AT&T reaches deal to buy Time Warner for more than $80 billion

Updated

AT&T has clinched an $85.4 billion agreement to acquire Time Warner in a stock and cash deal that values the media giant at $107.50 per share, capping a whirlwind few days of negotiations that promise to turn AT&T into one of the film and TV industry's largest players.

"This is a perfect match of two companies with complementary strengths who can bring a fresh approach to how the media and communications industry works for customers, content creators, distributors and advertisers," said Randall Stephenson, AT&T chairman and CEO. "Premium content always wins. It has been true on the big screen, the TV screen and now it's proving true on the mobile screen. We'll have the world's best premium content with the networks to deliver it to every screen. A big customer pain point is paying for content once but not being able to access it on any device, anywhere. Our goal is to solve that. We intend to give customers unmatched choice, quality, value and experiences that will define the future of media and communications."

Including Time Warner's roughly $24 billion in debt, the transaction value is pegged $108.7 billion. The deal calls for AT&T to pay Time Warner shareholders $53.75 per share in cash and $53.75 in AT&T stock. Time Warner shareholders will own between 14.4% and 15.7% of the combined company after the deal closes.


The deal was approved unanimously by the boards of both companies on Saturday.

AT&T emphasized the transaction as a marriage of video, content and mobile services. "The future of video is mobile and the future of mobile is video," AT&T declared in announcing the deal. AT&T predicted it would realize $1 billion on cost savings through the combination of the companies within the three years of the deal closing.

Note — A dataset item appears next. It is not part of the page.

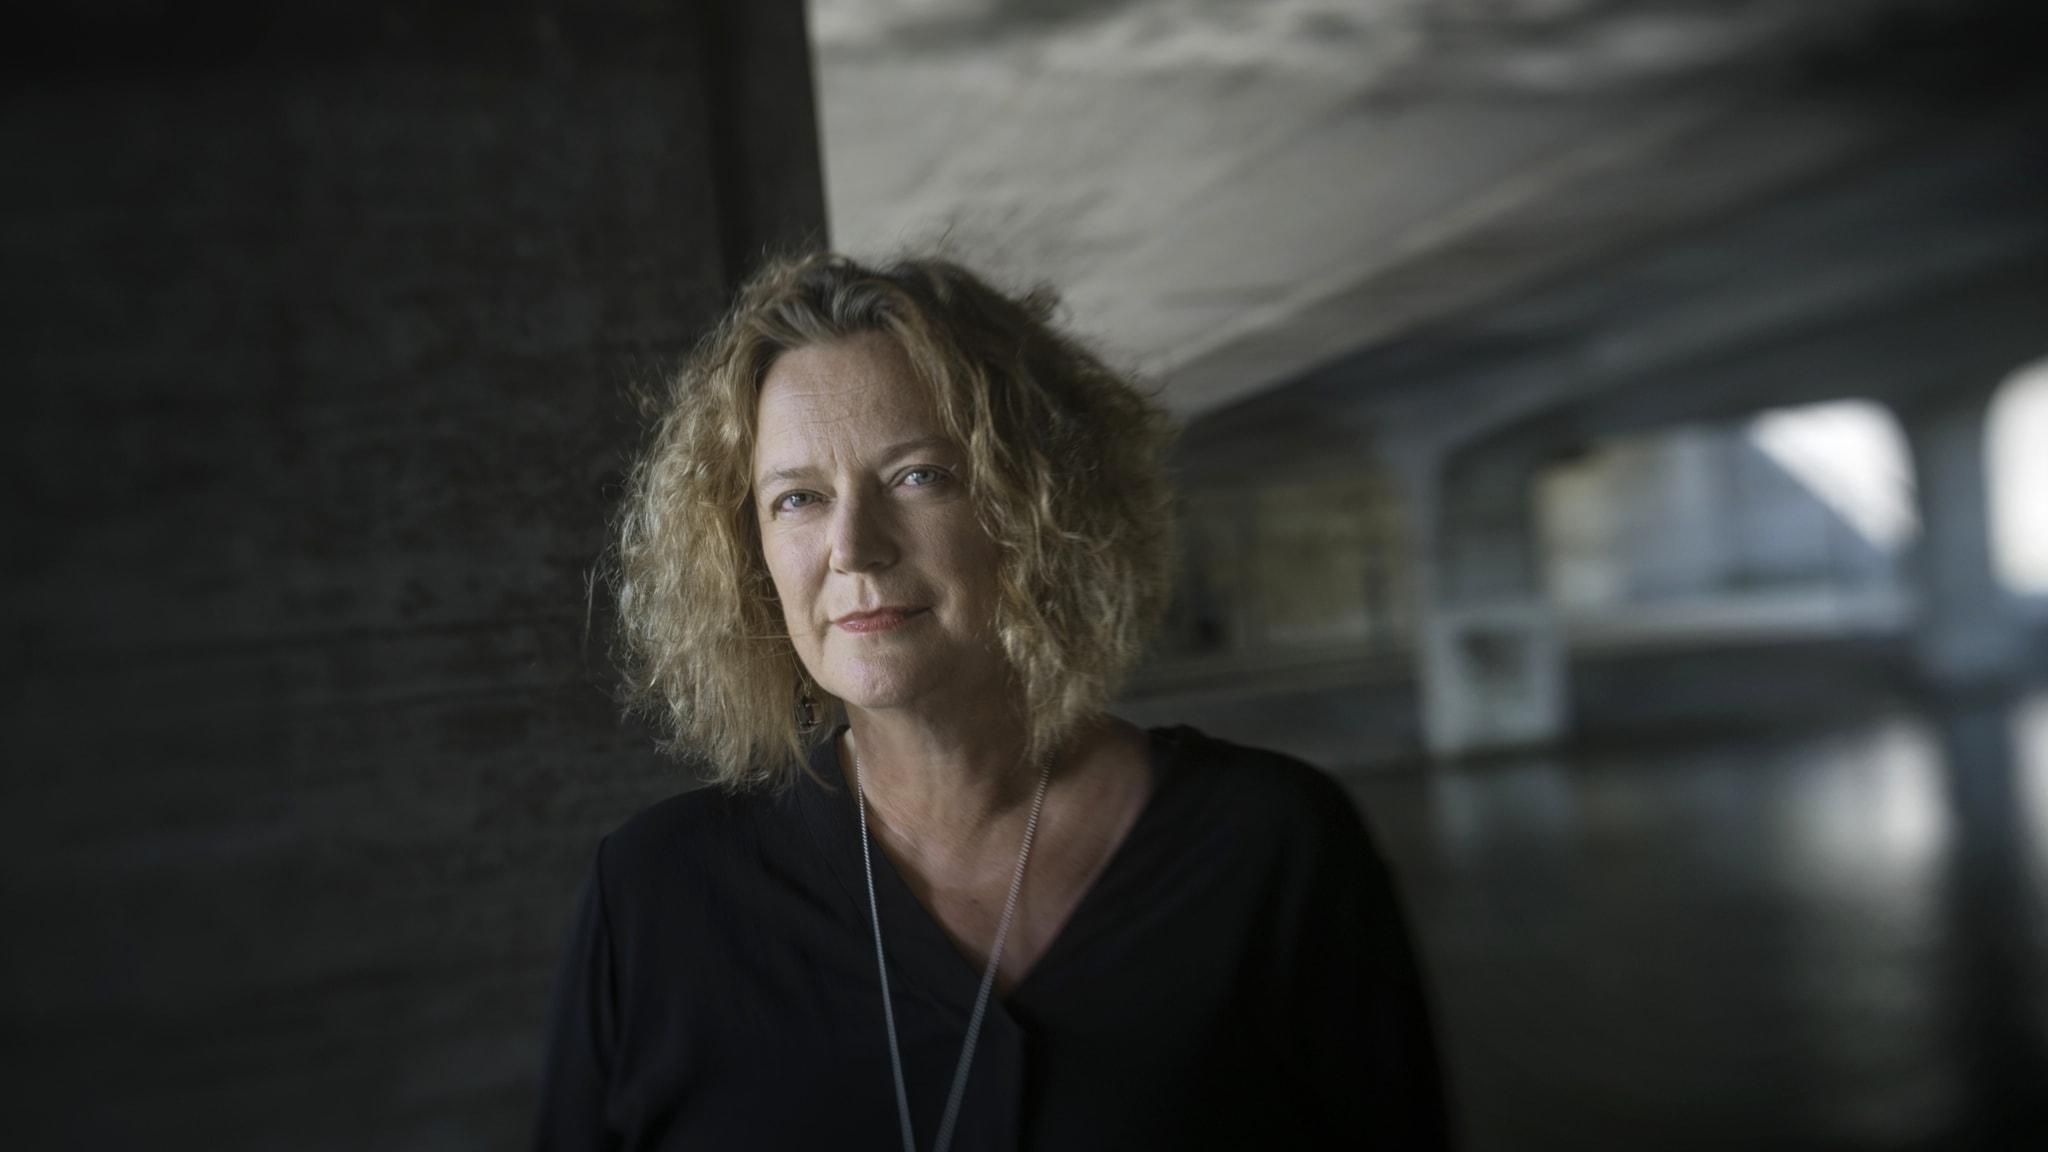 Locket på från Aftonbladet efter Benny Fredriksson-fällning, hårt dragna slutsatser från universitet och chefredaktör på dubbla stolar

Time Warner chairman-CEO Jeffrey Bewkes lauded the union as a deal that will allow the company's content engines to grow with the benefit of AT&T's multiplatform distribution strength.

"This is a great day for Time Warner and its shareholders. Combining with AT&T dramatically accelerates our ability to deliver our great brands and premium content to consumers on a multiplatform basis and to capitalize on the tremendous opportunities created by the growing demand for video content," Bewkes said. "That's been one of our most important strategic priorities and we're already making great progress — both in partnership with our distributors, and on our own by connecting directly with consumers. Joining forces with AT&T will allow us to innovate even more quickly and create more value for consumers along with all our distribution and marketing partners, and allow us to build on a track record of creative and financial excellence that is second to none in our industry. In fact, when we announce our 3Q earnings, we will report revenue and operating income growth at each of our divisions, as well as double-digit earnings growth."

Bewkes added: "This is a natural fit between two companies with great legacies of innovation that have shaped the modern media and communications landscape."

The deal marks a transformational play by Stephenson, one that will leave the telco giant with a debt load of nearly $200 billion. It comes just 15 months after AT&T absorbed the DirecTV satellite service in a $48 billion acquisition.

For Time Warner, the union with AT&T comes 16 years after the company's fortunes were badly damaged in the ill-timed merger with AOL at the apex of the first wave of dot-com mania, and some 26 years after the merger of Time Inc. and Warner Bros. set the template for the modern diversified and vertically integrated media conglomerate.

But Bewkes has spent his eight-year tenure at the top paring down the company to three core units — HBO, Warner Bros., and Turner — squarely focused on film and TV content. The Time Warner Cable and AOL units were spun off in 2009, followed in 2014 by the Time Inc. publishing division. That streamlining process made the company more easily acquired by another sizable industry player and also made it easier for TW to command a premium for its blue-chip assets.

The AT&T deal will wind up paying a TW shareholders a premium of about 35% over the stock's recent trading price. After Bloomberg News reported the first word of the AT&T-Time Warner talks on Thursday afternoon, TW shares spiked more than 10%, closing Friday at $89.48.

AT&T's pursuit of Time Warner was hurried along by the rumblings in the marketplace that Apple was ready to approach Time Warner with a rich offer. Apple is known to have flirted with a Time Warner deal in the not-so-distant past.

AT&T aims to enhance its DirecTV business, high-speed Internet and wireless offerings by bringing Time Warner's top-tier content — from HBO and the Turner cable networks to Warner Bros.' vast film and TV operations — into the fold. Because AT&T owns the industry's largest MVPD in DirecTV and is a player in Internet access, the deal will face an arduous regulatory review process in an uncertain political environment for media mega-mergers.

On Saturday, even before the formal announcement, Republican presidential nominee Donald Trump said he would block the AT&T-Time Warner deal if he is elected president.

In a sign of how hotly a contested subject the deal will be, the American Cable Association trade group representing smaller operators was quick to raise concerns about the market power that a combined AT&T-Time Warner would wield.

"As the FCC has found in past mergers, combining valuable content with pay-TV distribution causes harm to consumers and competition in the pay-TV market," the ACA said in a statement issued today. "If an AT&T/Time Warner deal is forged as reported, the vertical integration of the merged company must be an issue that regulators closely examine."